Consumer Groups
In a production environment, you rarely have just one instance of your application. You want multiple instances working together to process data faster. In Kafka, this is handled through Consumer Groups.
1. How They Work
When multiple consumers share the same group.id, Kafka automatically divides the partitions of a topic among them.
- 1:1 Mapping: Ideally, each consumer is assigned a unique set of partitions.
- Load Balancing: If you add a new consumer to the group, Kafka triggers a Rebalance, moving some partitions from the existing consumers to the new one.
- Failover: If a consumer crashes, its partitions are reassigned to the remaining healthy consumers.
2. Partition Assignment
The rule is simple: Each partition can be assigned to exactly one consumer within a group.
- If you have 4 partitions and 2 consumers: Each consumer gets 2 partitions.

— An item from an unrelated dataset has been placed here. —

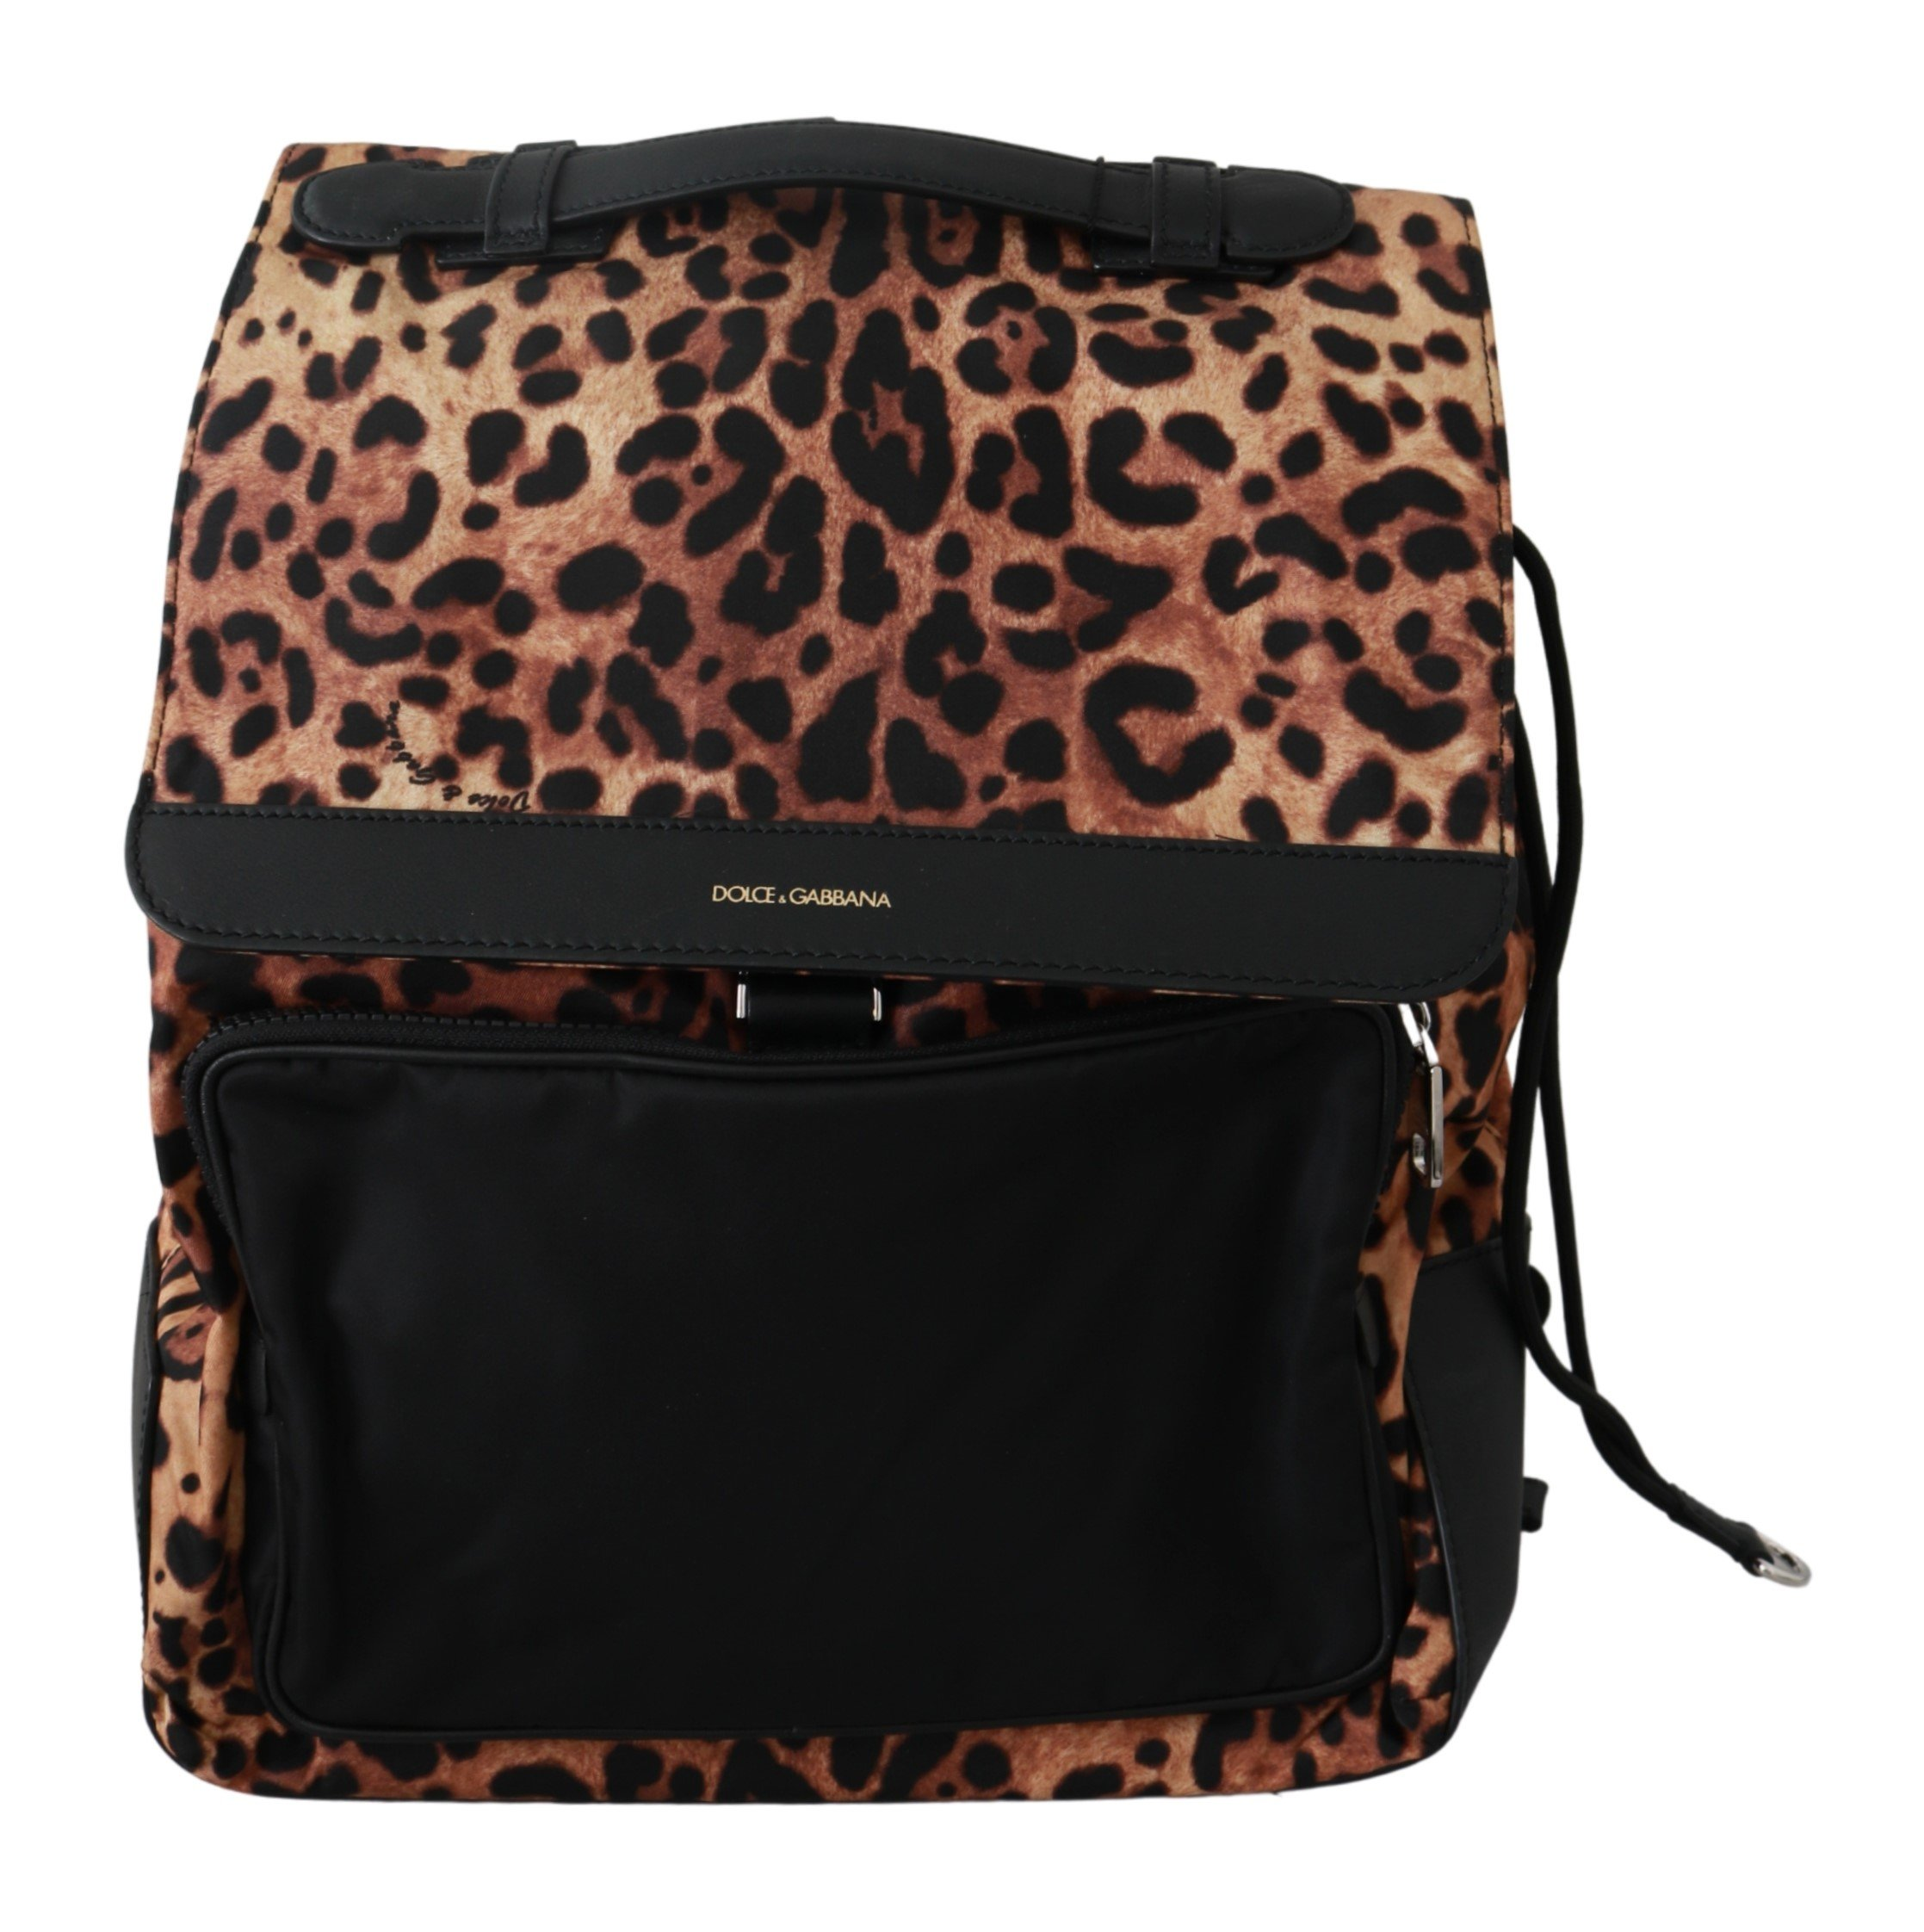 Dolce & Gabbana Men's Leopard Print School Leather Backpack Brown VAS9258
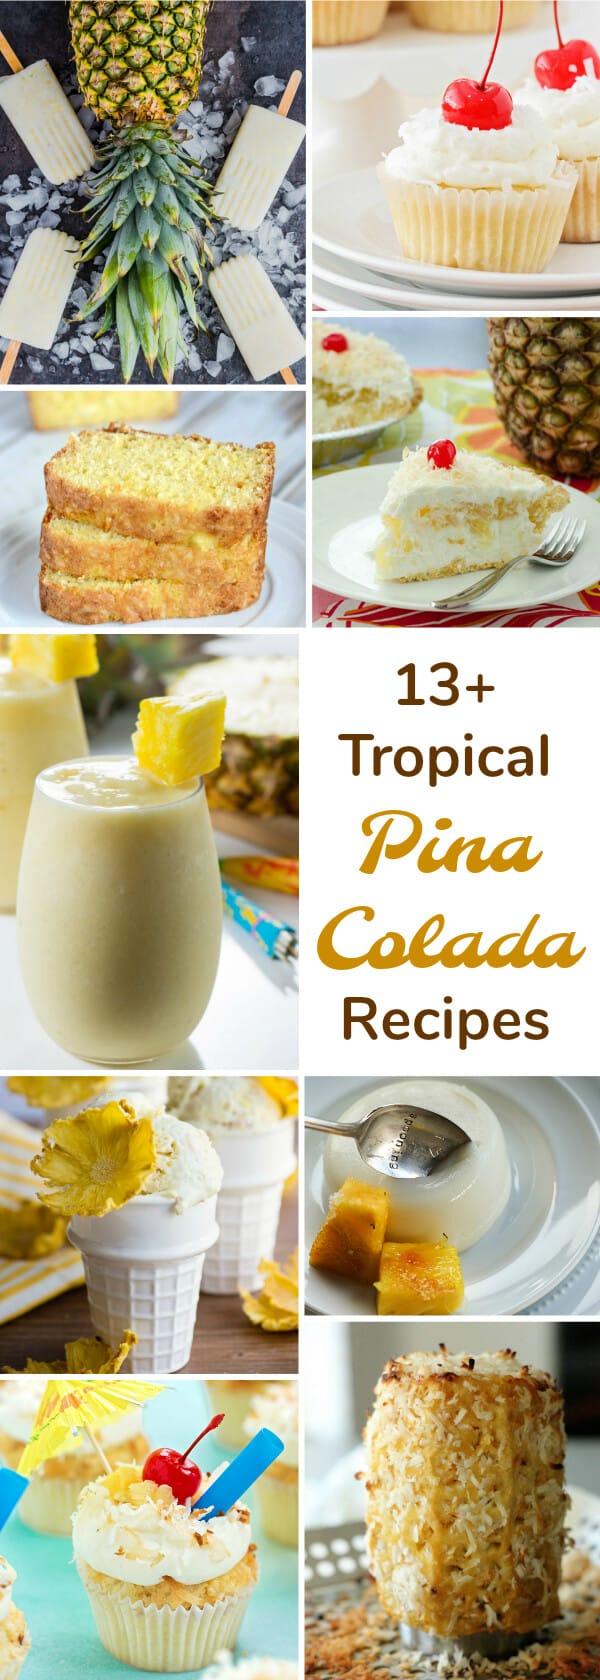 thirteen pina colada recipes

- If you have 4 partitions and 4 consumers: Each consumer gets 1 partition.
- If you have 4 partitions and 5 consumers: One consumer will sit IDLE, as there are no more partitions to assign.
3. The Group Coordinator
Kafka uses a special broker known as the Group Coordinator to manage the group’s state.
- JoinGroup: Consumers send a request to join a group.
- SyncGroup: The coordinator assigns partitions to the consumers.
- Heartbeats: Consumers send periodic heartbeats to prove they are still alive. If a heartbeat is missed (e.g., due to a crash or a long GC pause), a rebalance is triggered.
4. Interactive: Group Scalability
Add consumers to the group and see how partitions are reassigned.
5. Summary
Consumer groups are the backbone of Kafka’s scalability. By simply adding more consumer instances with the same group.id, you can increase your processing capacity to match the number of partitions in your topic.